如何在python中拆分列表

Question

Suppose I have a list ['x1_0','x2_1','x3_0'] How can I split the above list into two lists such that the first list contains ['x1','x2','x3'] and the second list [0,1,0] ? ie

         ('x1_0')
         /    \
        /      \
       /        \
     1st list   2nd list
      'x1'          0

Feel free to use as many tools as possible. This could obviously done in a single for loop ,which I am aware of.
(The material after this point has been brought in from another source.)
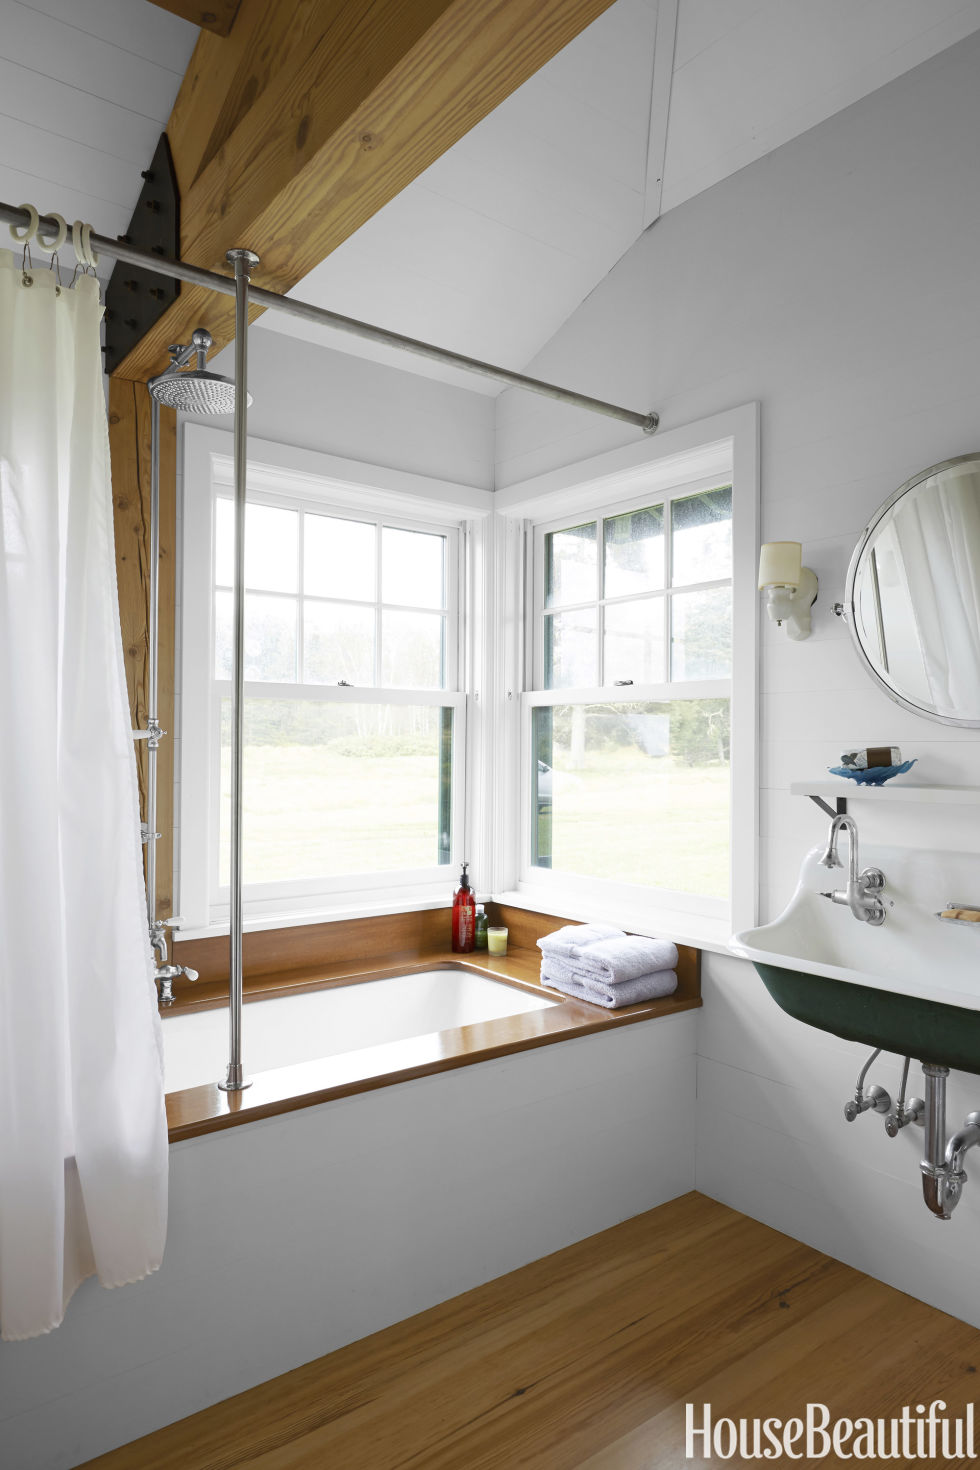 135+ Best Bathroom Design Ideas - Decor Pictures of Stylish Modern Bathrooms

Is there a better way to do this ?. Something which uses list comprehension ? Als

Answer 1

You can use zip and a list comprehension :

>>> zip(*[i.split('_') for i in l])
[('x1', 'x2', 'x3'), ('0', '1', '0')]

And if you want to convert the second tuple's elements to int you can use the following nested list comprehension :

>>> [[int(i) if i.isdigit() else i for i in tup] for tup in zip(*[i.split('_') for i in l])]
[['x1', 'x2', 'x3'], [0, 1, 0]]

The preceding way is the proper way to do this task but as you say in comment as a smaller solution you can use map :

>>> l=[l[0],map(int,l[1])]
>>> l
[('x1', 'x2', 'x3'), [0, 1, 0]]

Answer 2

k=["x1_0","x2_1","x3_0"]
k1=[x.split("_")[0] for x in k]
k2=[int(x.split("_")[1]) for x in k]

You can do this simply this way.